THE TASK
Output every line of the entries from the line containing "Damen RFID - Geldbörse" through the last, exactly, with no other content.

RECORDS TO USE
◇ ◇ ◇ ◇
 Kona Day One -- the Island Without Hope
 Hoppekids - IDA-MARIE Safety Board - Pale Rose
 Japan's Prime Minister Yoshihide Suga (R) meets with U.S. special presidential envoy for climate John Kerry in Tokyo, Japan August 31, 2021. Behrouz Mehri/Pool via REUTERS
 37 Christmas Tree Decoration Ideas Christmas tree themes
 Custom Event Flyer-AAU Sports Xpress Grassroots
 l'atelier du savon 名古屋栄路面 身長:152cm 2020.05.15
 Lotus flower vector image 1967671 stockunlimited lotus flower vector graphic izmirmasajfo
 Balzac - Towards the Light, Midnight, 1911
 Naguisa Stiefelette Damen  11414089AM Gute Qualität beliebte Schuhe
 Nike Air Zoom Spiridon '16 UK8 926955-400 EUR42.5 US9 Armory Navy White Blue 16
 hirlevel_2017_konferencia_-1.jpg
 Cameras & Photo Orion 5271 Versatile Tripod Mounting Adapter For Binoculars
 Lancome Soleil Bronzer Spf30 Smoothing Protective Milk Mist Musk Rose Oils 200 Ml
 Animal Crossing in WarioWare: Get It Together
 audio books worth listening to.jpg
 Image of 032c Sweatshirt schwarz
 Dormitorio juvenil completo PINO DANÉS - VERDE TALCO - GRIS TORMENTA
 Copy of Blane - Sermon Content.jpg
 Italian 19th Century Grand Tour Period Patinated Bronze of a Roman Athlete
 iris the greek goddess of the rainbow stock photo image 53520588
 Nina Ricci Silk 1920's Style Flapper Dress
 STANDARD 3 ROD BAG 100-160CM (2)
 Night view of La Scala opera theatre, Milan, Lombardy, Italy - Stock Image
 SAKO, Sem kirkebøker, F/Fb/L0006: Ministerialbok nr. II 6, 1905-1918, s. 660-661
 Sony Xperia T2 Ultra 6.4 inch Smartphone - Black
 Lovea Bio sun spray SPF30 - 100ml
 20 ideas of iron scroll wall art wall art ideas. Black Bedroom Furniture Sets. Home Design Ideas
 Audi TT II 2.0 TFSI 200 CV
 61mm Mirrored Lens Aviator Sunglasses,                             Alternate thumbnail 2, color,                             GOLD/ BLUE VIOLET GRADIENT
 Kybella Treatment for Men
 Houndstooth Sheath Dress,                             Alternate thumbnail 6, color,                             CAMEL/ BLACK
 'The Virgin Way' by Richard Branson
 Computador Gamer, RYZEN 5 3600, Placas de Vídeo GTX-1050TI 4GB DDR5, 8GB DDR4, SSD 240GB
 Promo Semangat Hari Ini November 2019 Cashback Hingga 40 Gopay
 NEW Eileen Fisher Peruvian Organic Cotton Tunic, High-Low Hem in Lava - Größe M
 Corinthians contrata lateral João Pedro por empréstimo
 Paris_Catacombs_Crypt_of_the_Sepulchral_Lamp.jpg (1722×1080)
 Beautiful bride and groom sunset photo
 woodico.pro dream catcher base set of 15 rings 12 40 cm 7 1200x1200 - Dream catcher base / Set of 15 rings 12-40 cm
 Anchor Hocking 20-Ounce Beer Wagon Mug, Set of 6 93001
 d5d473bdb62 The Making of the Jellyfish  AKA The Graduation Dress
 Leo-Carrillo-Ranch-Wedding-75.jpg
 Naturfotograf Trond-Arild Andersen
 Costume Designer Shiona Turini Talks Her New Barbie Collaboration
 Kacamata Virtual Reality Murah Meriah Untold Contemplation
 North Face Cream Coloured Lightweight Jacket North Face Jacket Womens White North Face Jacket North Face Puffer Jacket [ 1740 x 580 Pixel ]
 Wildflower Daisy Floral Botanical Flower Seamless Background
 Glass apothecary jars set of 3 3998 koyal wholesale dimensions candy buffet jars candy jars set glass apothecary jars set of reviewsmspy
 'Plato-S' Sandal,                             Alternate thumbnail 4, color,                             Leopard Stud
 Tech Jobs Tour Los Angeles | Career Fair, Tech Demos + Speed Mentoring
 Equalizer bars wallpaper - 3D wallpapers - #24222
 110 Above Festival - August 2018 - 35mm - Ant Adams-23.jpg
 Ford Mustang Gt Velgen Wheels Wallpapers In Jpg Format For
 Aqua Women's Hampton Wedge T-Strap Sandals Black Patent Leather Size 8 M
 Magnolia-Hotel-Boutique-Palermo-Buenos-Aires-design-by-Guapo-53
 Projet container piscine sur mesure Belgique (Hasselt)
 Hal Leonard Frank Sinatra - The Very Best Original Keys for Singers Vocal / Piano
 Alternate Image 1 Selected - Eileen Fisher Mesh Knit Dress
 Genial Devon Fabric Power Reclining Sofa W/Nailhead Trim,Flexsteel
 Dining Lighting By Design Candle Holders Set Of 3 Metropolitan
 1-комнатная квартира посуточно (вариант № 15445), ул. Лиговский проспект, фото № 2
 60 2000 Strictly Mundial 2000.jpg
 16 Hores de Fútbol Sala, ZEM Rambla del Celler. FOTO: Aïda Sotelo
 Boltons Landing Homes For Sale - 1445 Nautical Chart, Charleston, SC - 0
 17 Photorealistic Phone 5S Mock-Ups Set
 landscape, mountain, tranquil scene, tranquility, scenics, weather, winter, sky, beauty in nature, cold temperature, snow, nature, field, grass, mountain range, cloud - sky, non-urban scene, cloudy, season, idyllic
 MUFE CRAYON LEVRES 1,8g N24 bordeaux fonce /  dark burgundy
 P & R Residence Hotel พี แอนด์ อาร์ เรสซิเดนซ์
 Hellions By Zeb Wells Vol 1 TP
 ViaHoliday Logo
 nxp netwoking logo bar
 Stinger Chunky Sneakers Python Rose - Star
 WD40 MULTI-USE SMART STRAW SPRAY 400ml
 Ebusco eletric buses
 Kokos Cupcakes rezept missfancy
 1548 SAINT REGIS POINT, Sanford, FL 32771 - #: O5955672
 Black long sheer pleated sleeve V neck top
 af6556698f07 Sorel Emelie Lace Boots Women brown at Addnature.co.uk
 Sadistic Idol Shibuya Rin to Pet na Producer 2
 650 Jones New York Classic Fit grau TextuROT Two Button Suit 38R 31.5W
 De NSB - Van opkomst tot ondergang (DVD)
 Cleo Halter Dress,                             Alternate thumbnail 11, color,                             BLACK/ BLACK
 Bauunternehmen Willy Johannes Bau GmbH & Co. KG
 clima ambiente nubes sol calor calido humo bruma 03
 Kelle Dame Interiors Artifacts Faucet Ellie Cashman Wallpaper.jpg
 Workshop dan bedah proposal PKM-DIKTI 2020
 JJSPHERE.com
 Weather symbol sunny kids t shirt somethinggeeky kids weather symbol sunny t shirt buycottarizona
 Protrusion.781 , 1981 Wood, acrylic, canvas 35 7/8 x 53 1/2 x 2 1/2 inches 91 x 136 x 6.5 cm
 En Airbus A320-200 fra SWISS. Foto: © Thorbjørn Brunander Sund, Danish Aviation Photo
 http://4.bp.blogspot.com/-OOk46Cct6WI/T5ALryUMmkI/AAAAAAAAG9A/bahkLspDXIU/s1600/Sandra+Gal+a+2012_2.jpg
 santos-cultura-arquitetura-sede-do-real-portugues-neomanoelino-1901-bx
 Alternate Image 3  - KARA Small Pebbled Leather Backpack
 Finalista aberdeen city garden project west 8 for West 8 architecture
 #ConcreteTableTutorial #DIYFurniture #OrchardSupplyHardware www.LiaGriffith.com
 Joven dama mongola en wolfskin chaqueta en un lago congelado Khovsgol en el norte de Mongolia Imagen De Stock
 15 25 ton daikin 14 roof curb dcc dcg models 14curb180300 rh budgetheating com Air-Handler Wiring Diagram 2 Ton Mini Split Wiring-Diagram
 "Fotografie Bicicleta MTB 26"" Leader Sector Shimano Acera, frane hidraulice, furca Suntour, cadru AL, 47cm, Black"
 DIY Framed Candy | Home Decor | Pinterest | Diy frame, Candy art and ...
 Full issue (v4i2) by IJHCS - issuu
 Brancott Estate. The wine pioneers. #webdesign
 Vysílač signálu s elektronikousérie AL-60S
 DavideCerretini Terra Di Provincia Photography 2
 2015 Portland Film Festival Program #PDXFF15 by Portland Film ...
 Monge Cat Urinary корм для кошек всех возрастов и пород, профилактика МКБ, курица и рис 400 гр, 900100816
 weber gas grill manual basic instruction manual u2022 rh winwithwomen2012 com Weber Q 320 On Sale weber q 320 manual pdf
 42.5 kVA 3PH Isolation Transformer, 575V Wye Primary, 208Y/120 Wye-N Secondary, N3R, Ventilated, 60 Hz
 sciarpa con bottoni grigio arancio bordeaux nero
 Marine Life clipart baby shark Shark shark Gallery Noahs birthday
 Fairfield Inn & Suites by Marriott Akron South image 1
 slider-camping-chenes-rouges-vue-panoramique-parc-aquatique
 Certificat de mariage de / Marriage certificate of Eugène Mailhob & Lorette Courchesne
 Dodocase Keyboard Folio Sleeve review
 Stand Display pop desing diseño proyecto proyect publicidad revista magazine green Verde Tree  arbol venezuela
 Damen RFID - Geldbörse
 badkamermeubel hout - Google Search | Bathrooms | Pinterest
◇ ◇ ◇ ◇
REPLY TO THE TASK
 Damen RFID - Geldbörse
 badkamermeubel hout - Google Search | Bathrooms | Pinterest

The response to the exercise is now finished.